Pictured above, all of the waste that was sent to the landfill from the entire event! Photo credit: Sail Martha’s Vineyard

The event managers credit reusable dinnerware as the key to reducing trash. The event is staffed by local kids who participate in the SailMV Summer Program. Called the Green Team, the children make sure the adults sort their waste into the correct bins, including compost, recycling, re-use, and landfill. They also use paperless communication, instead of printing results, and reusable signage, which otherwise can create a large trash footprint.

New For 2018

In an effort to spread awareness about ocean issues, SailMV created an ‘Ocean Awareness Tent,’ hosting seven local environmental organizations that provided learning materials and activities for kids and adults. The groups included BiodiversityWorks, MV Shellfish Group, Great Pond Foundation, MV Fishermen’s Preservation Trust, Sailors for the Sea, Sea Education Association, and the Vineyard Conservation Society. Each group provided information about its focus and responsibility as well as an activity – from fish printing to canvas bag decorating, to understanding ocean acidification. SailMV also added a pledge for competitors and guests to sign in support of reducing trash in our oceans.

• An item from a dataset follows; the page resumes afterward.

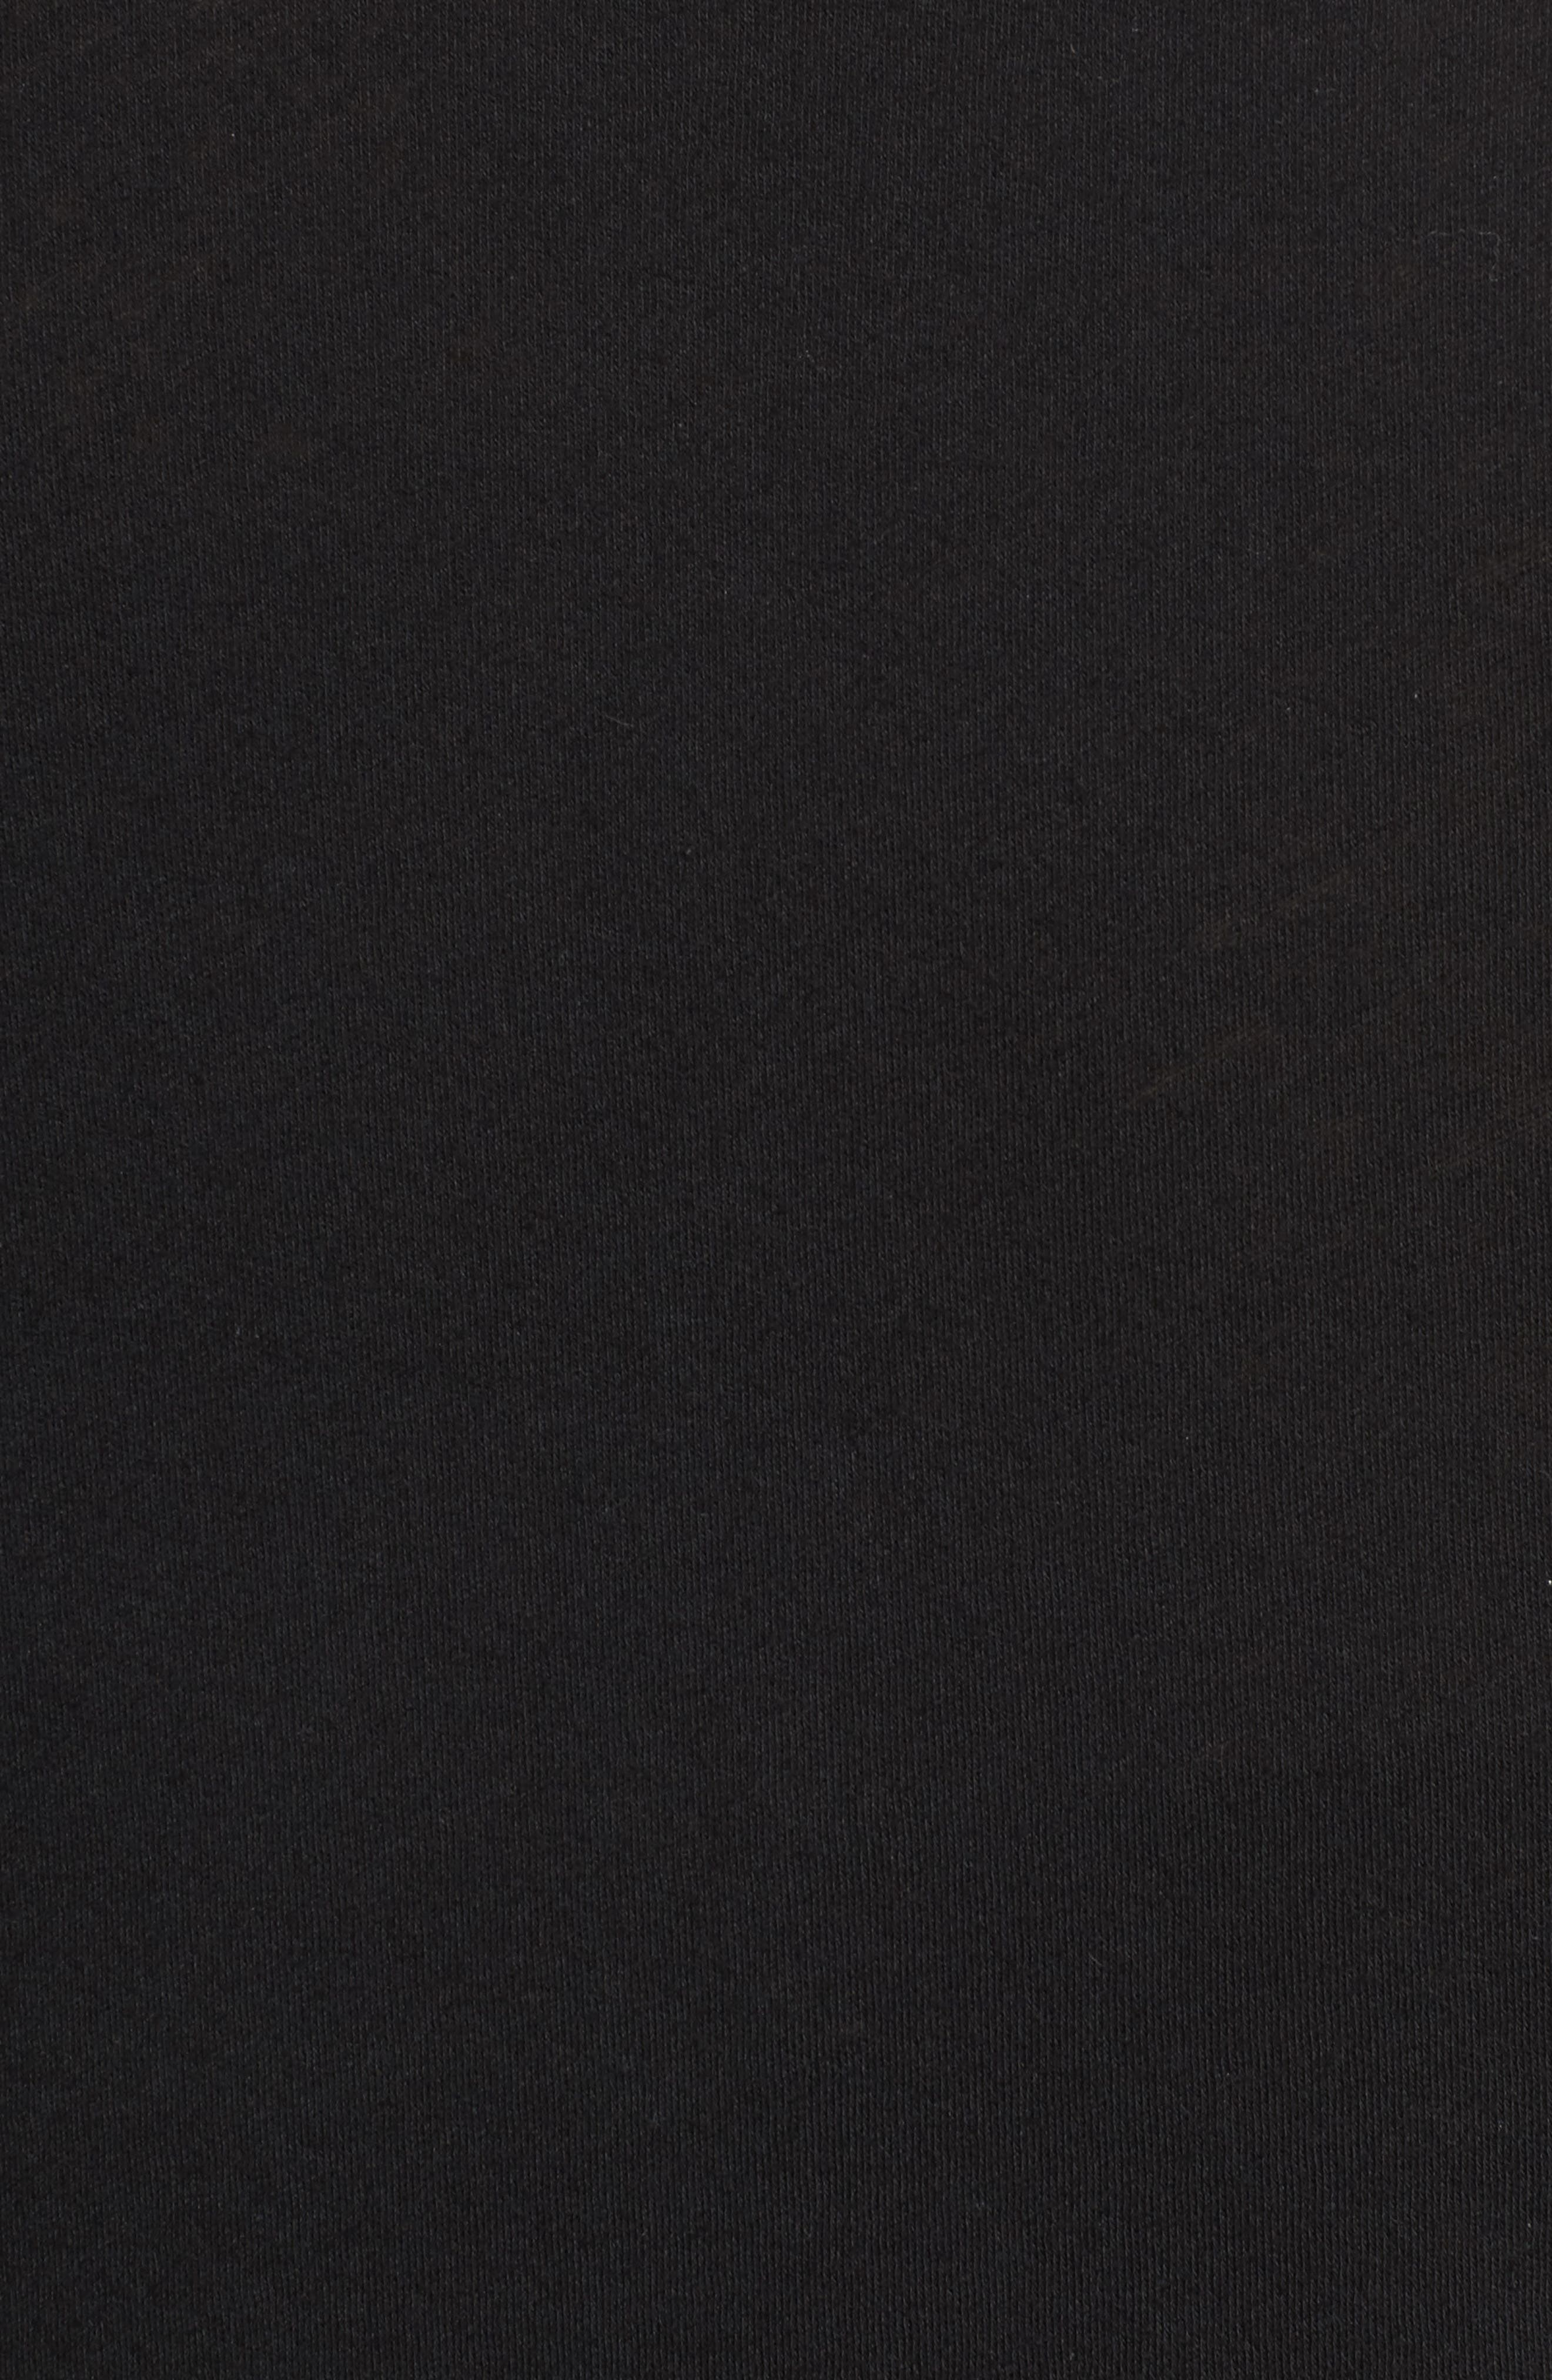 X-Ray Vision Bodysuit,                             Alternate thumbnail 5, color,                             Black

There were seven different environmental groups in attendance: including MV Shellfish Group, pictured here, which showcased the power of shellfish to filter water. Photo credit: Sail Martha’s Vineyard

The 2018 Vineyard Cup achieved Platinum Level Clean Regattas Certification from Sailors for the Sea and plans to purchase carbon credits to offset the carbon footprint of this event.

11th Hour Racing is proud to support the Vineyard Cup and share its sustainability report, which details how these accomplishments were achieved. Additionally, the organization has created a guide for replicating these sustainability efforts called the Sail MV Guide for Hosting a Locally Sourced / Zero Waste Regatta.